# [Collected material]

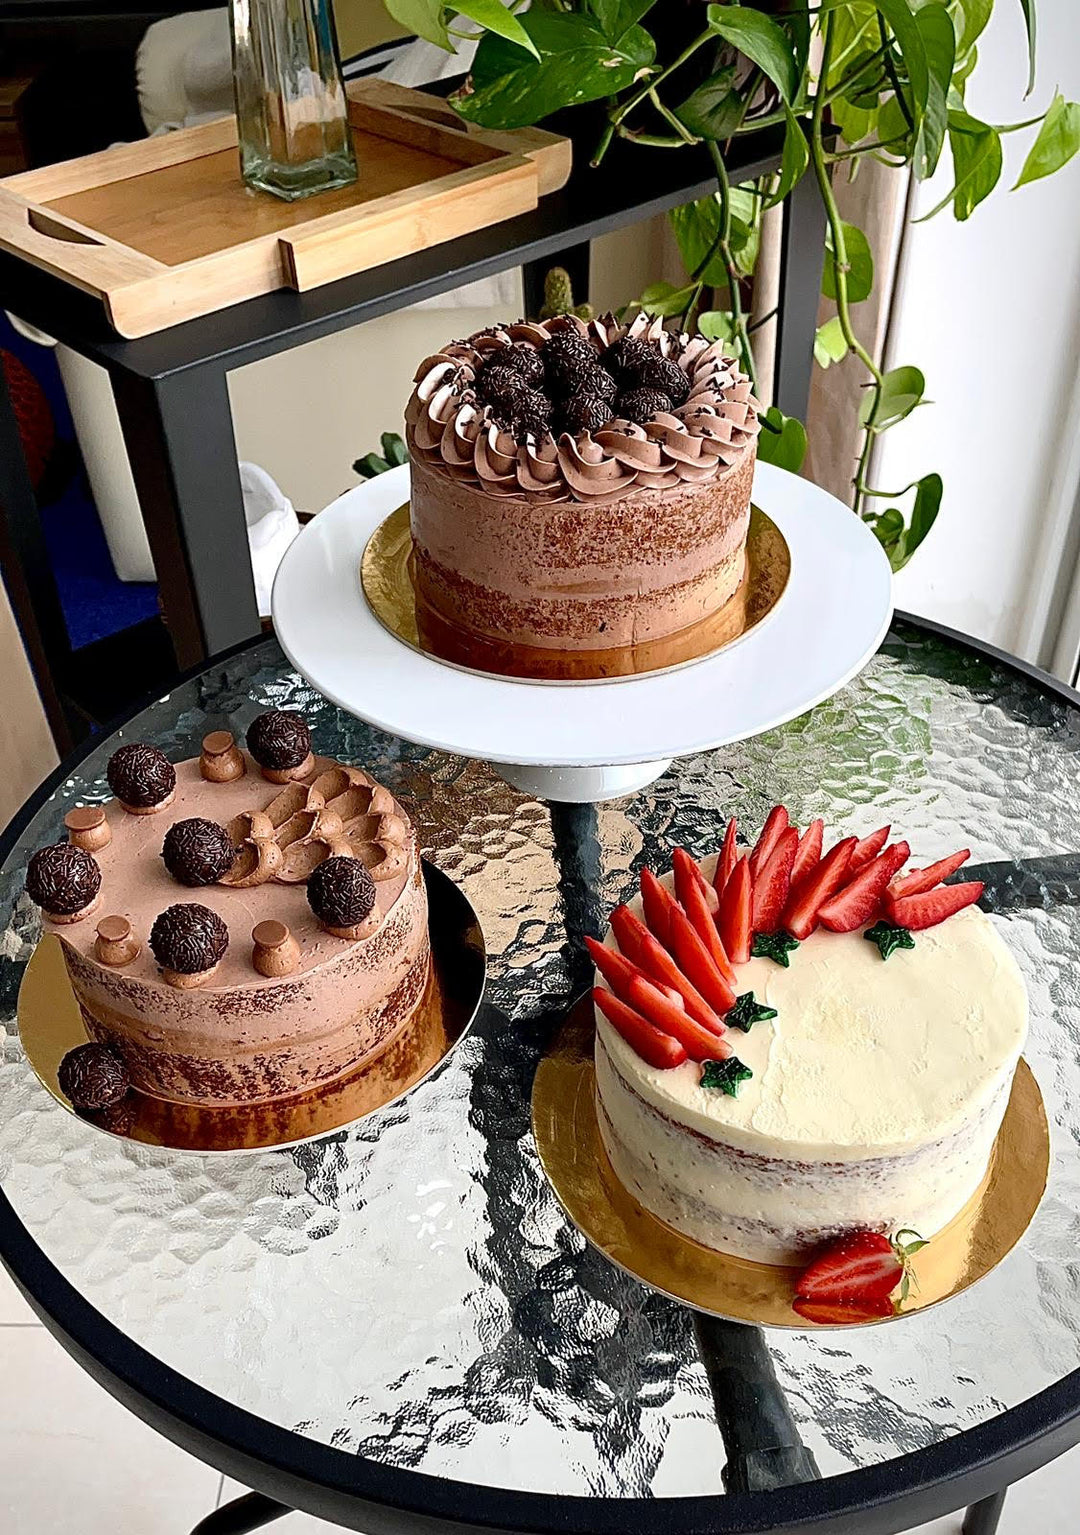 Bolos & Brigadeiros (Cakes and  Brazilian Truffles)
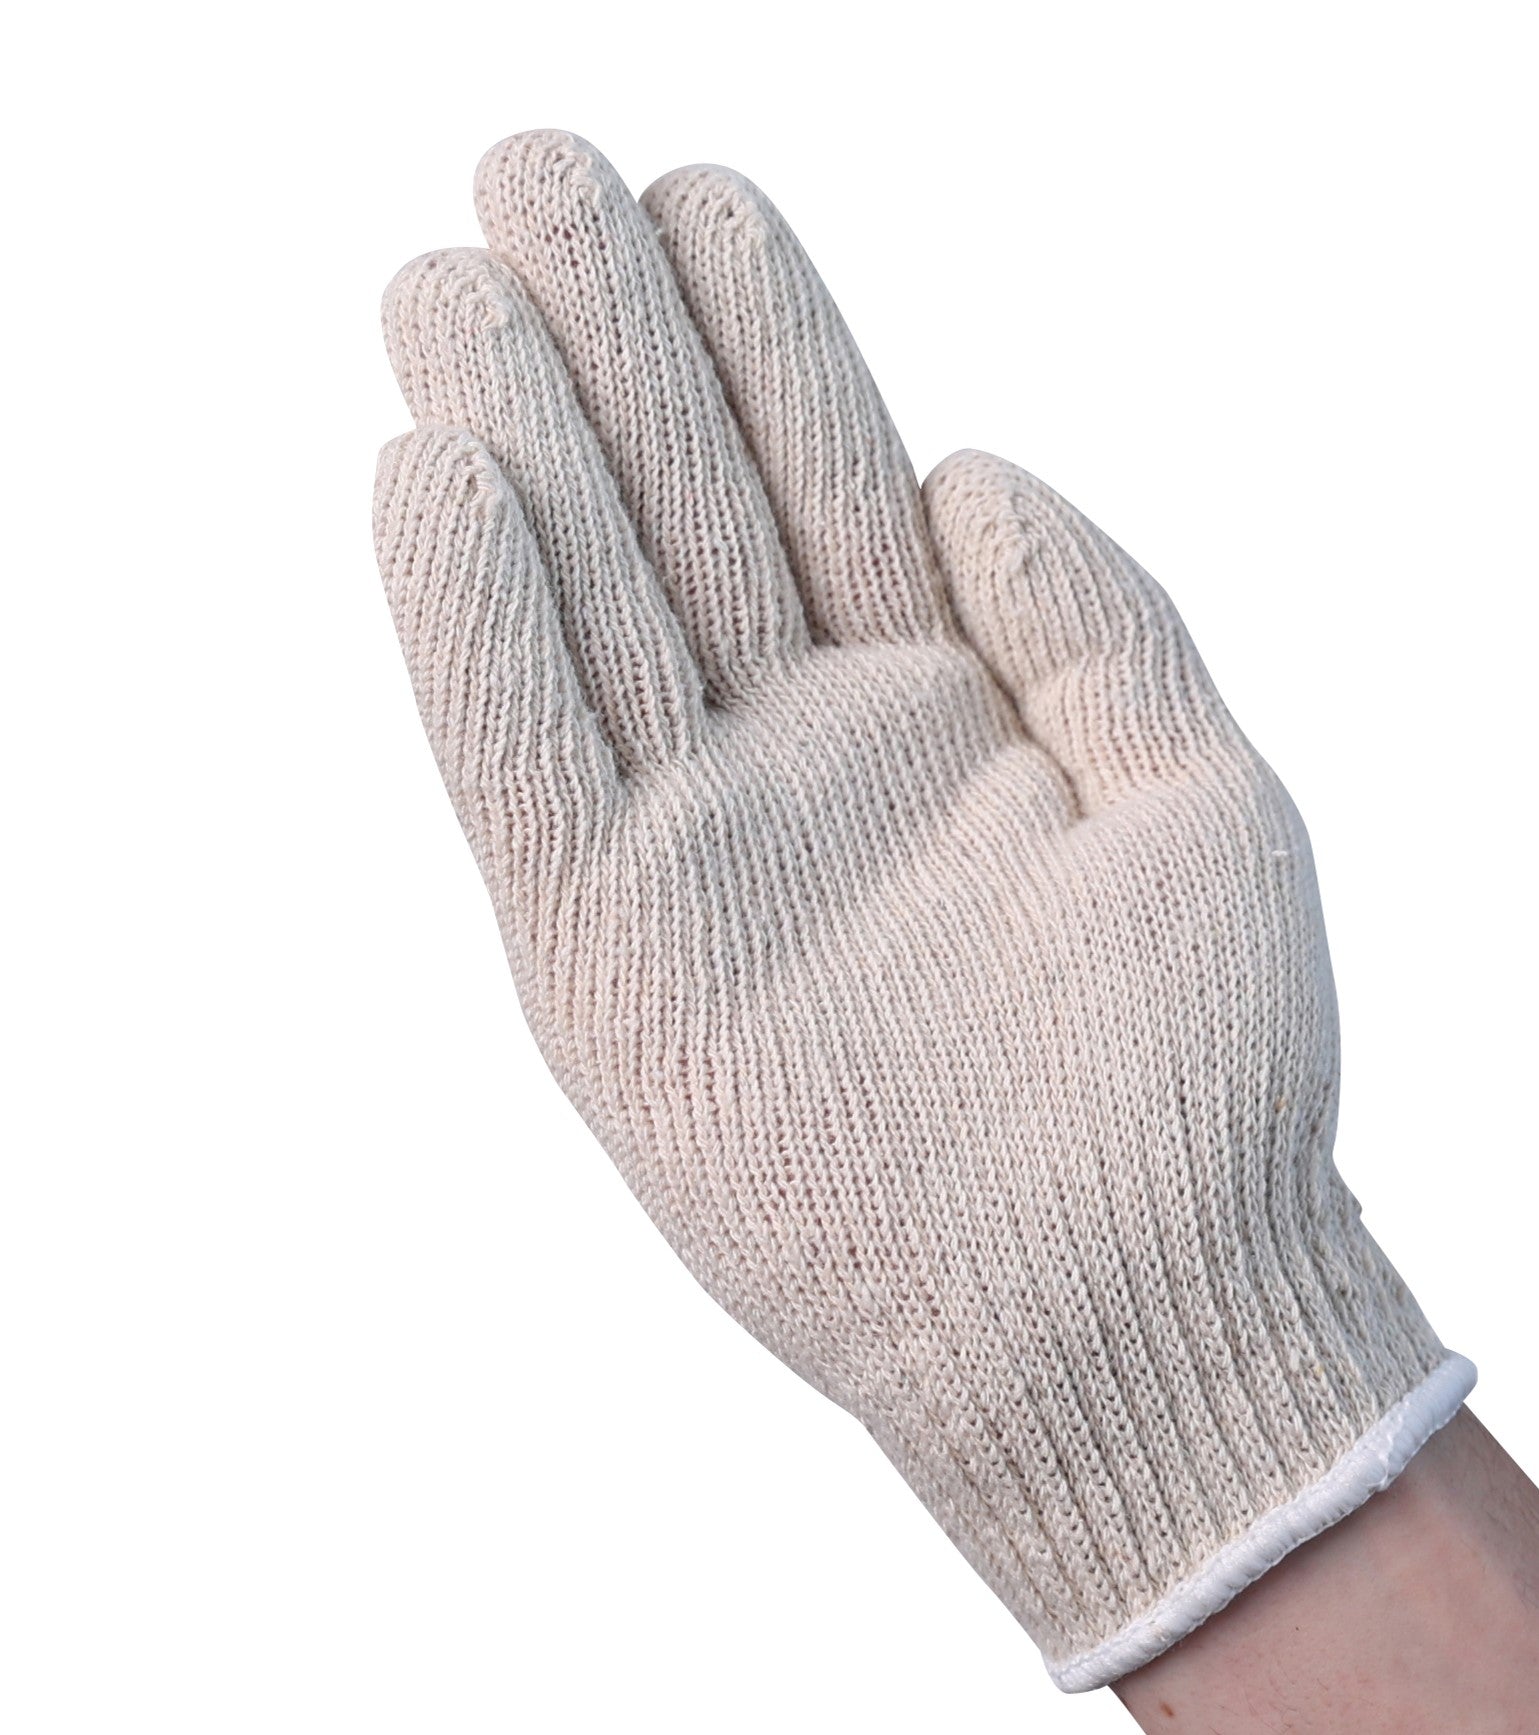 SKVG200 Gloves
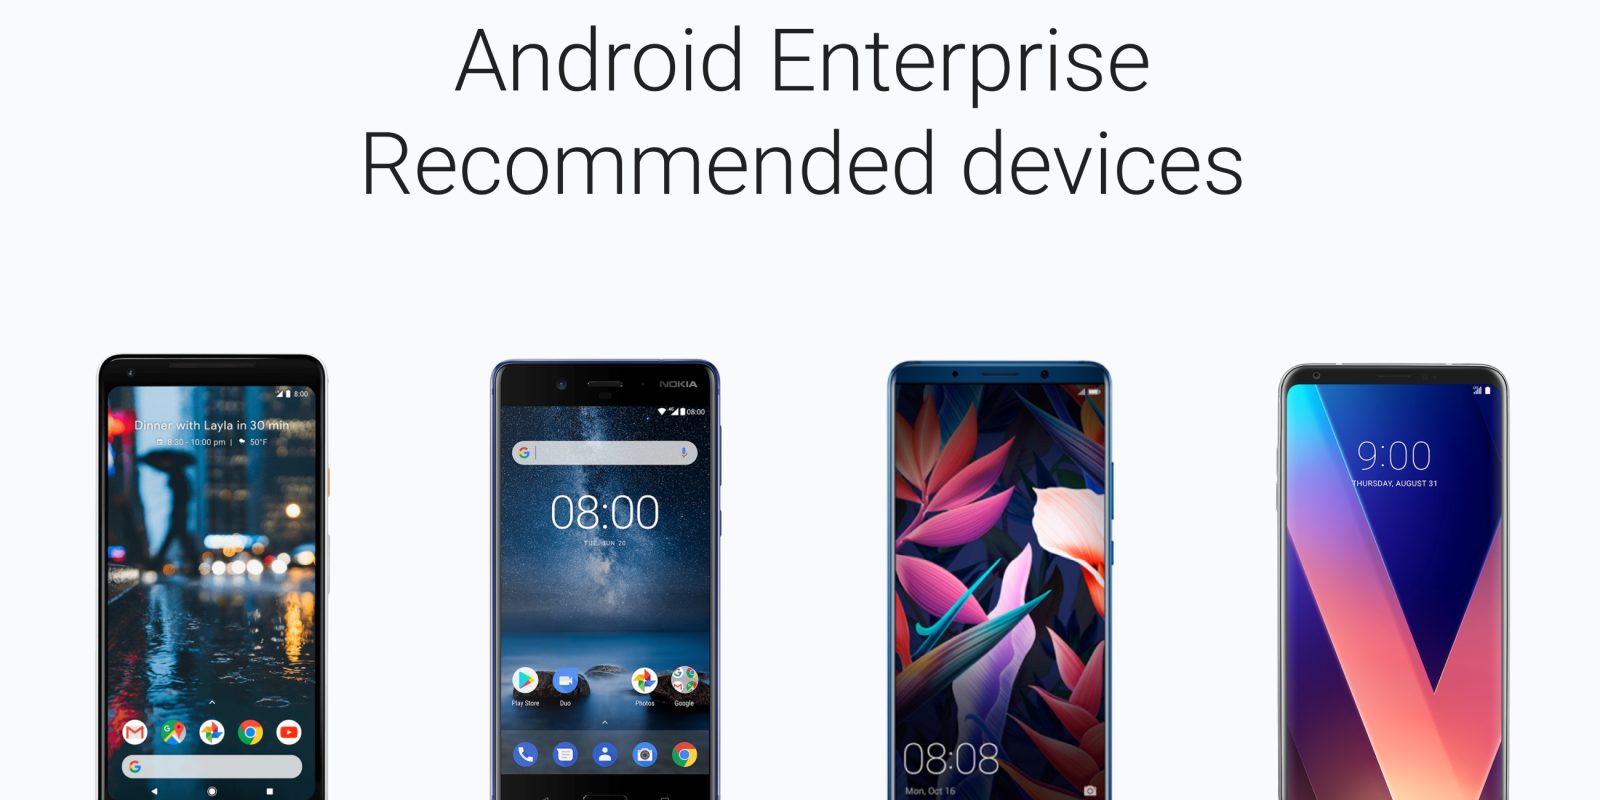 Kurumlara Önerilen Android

# [The task]
Write out the data above in full and exactly, but without the pictures.

# [Exercise solution]
 Bolos & Brigadeiros (Cakes and  Brazilian Truffles)
 SKVG200 Gloves
 Kurumlara Önerilen Android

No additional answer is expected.